JP Morgan downgrades Gap, says it’s not ready for the holidays and faces higher costs from tariffs

J.P. Morgan downgraded Gap shares to underweight Thursday, predicting the clothier could face profit pressure throughout the holiday season as it struggles with operational issues and skewed inventory.

“The time frame for Gap banner sequential SSS [same-store sales] improvement and return to ‘momentum’ is now less certain in our view as the brand grapples with operational issues and second-half assortment imbalance (bottoms > tops) with the new brand president unlikely to have material impact until the first half of 2019,” analyst Matthew Boss said in a note.

Shares of Gap fell 5 percent following the J.P. Morgan downgrade.

Boss cut his December 2019 price target on Gap to $24 from $30, implying 11 percent downside from Wednesday’s close. The analyst lowered his fiscal 2019 earnings per share estimate to $2.38, or 12 percent below Street consensus.

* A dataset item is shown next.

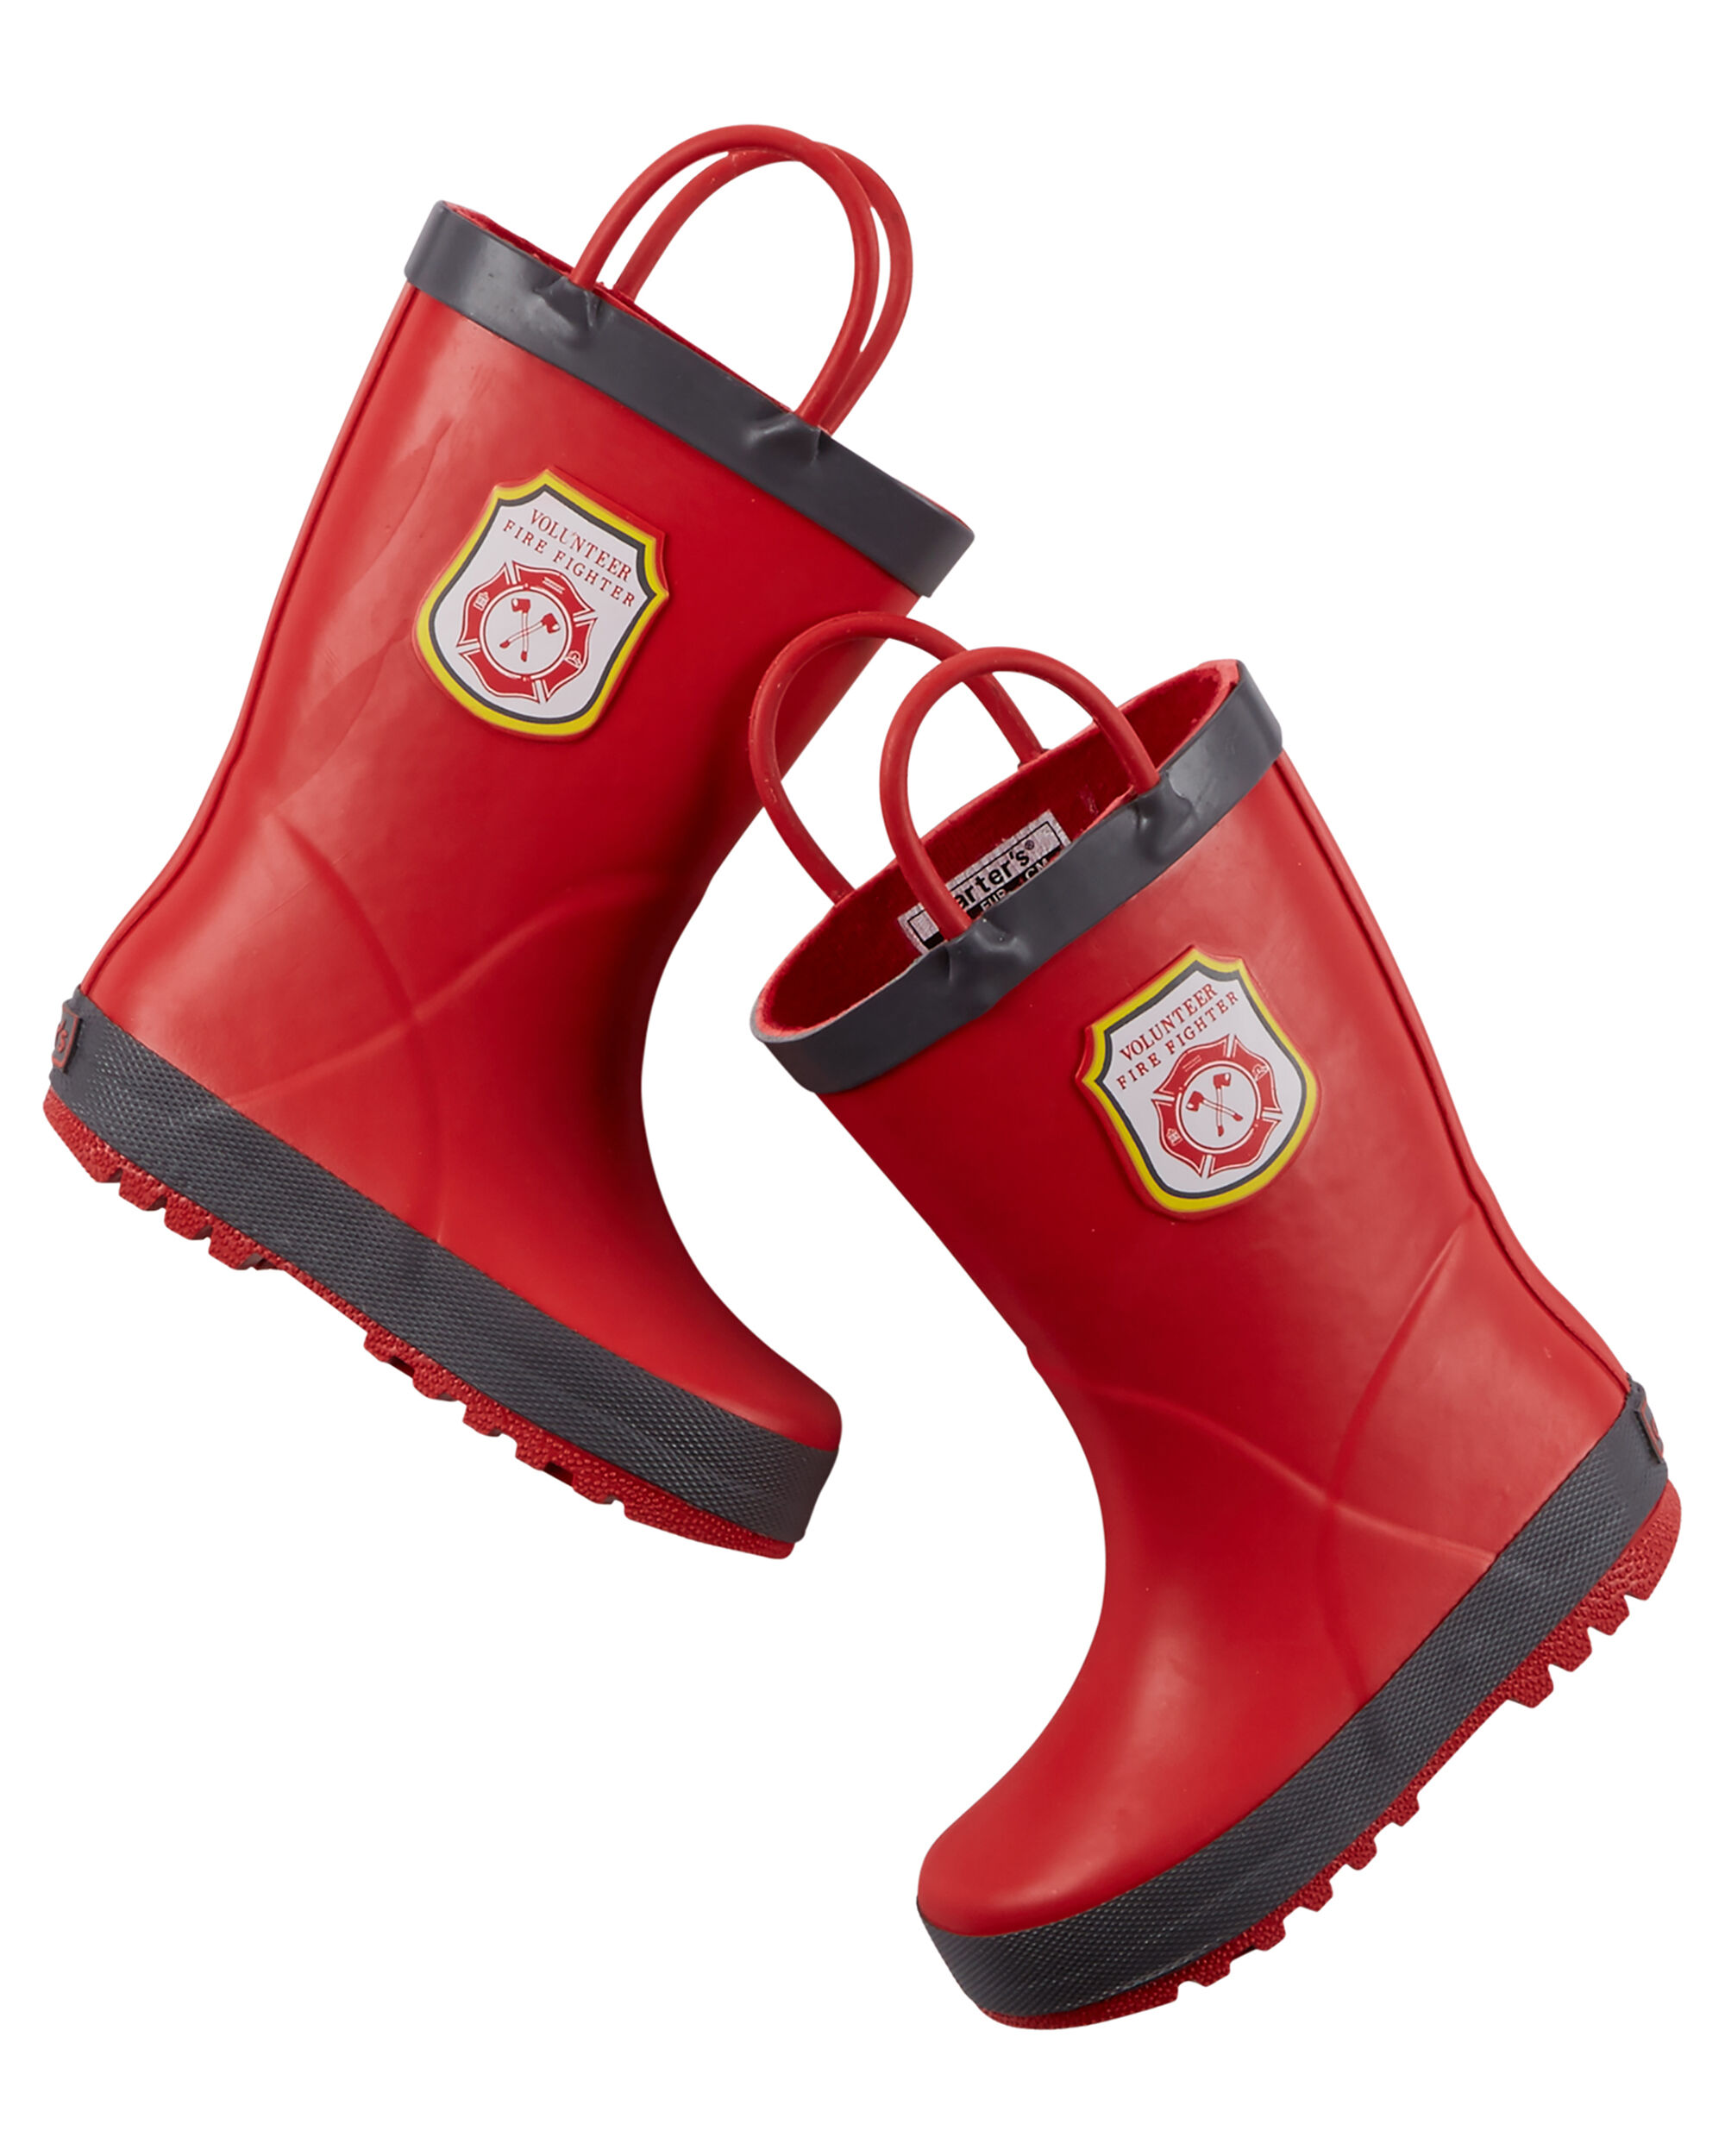 Carter's Fireman Rain Boots | carters.com
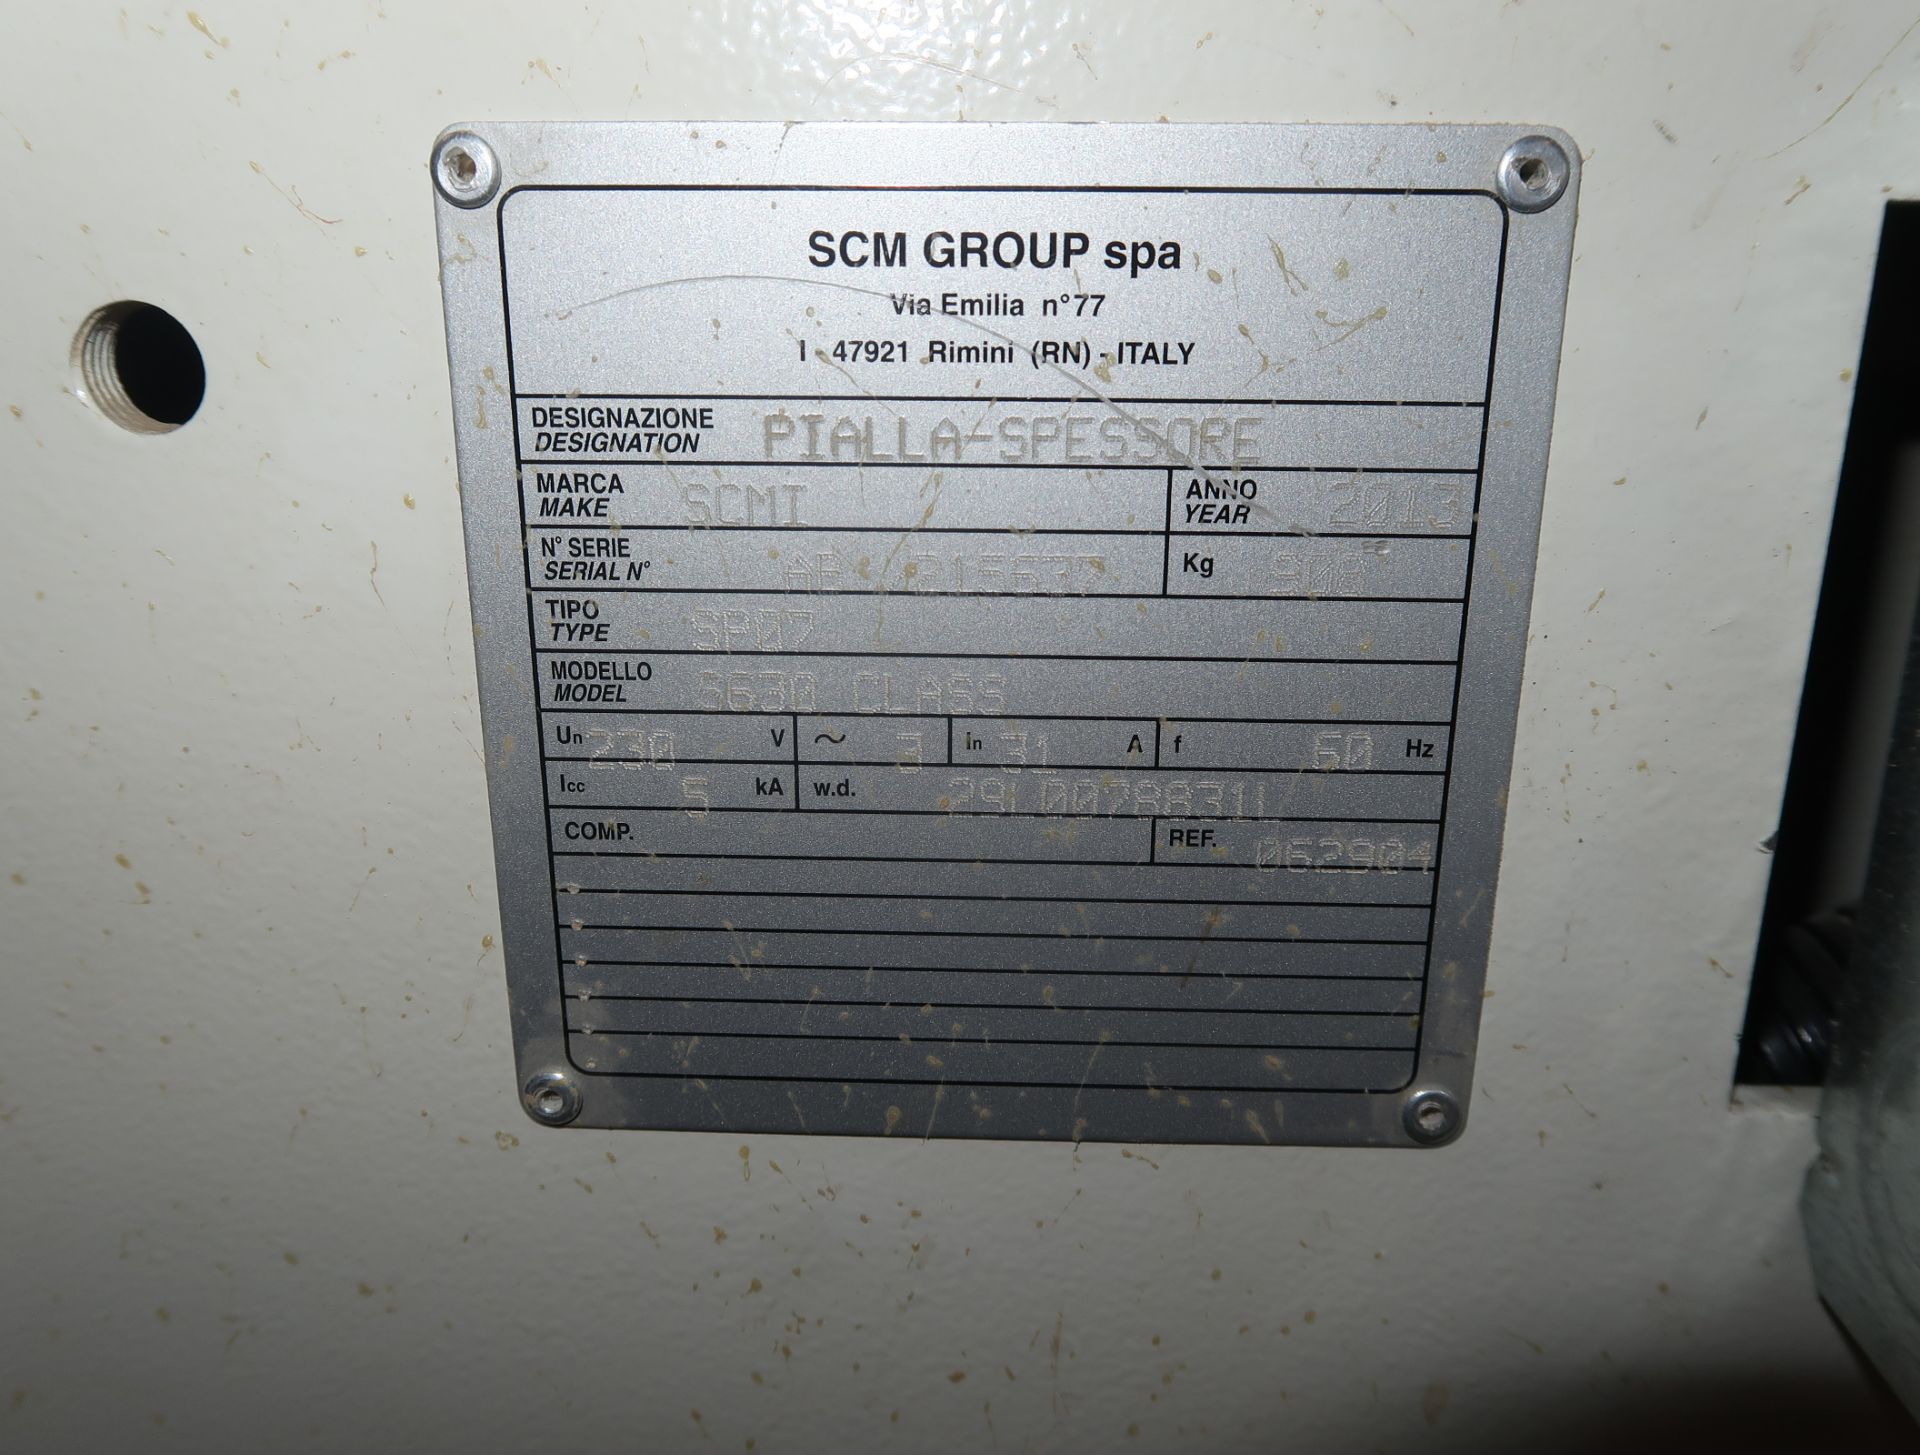 2013 SCMI S630 CLASS PLANER 24" HEAVY DUTY, SN. AB/215637, 230V 3PH - Image 4 of 4

A same-store sales deceleration of 250 basis points in fiscal 2018 also leaves the company exposed to rising transportation costs, elevated wages and tariffs, Boss said.

“Direct sourcing exposure to China stands at 22 percent, while Gap is currently working with vendors to pivot sourcing strategies, but noted a costly multi-year timeline for change given size/scale and specialization,” the analyst wrote.

“Taking a closer look at wage inflation — Gap last raised its company-wide minimum wage to $10 in 2015,” he added. “Management estimates about 70 percent of Gap’s stores are at or above the market rate for employees today noting distribution center wages have seen inflationary pressure with the recent announcement from Amazon to increase wages to $15.”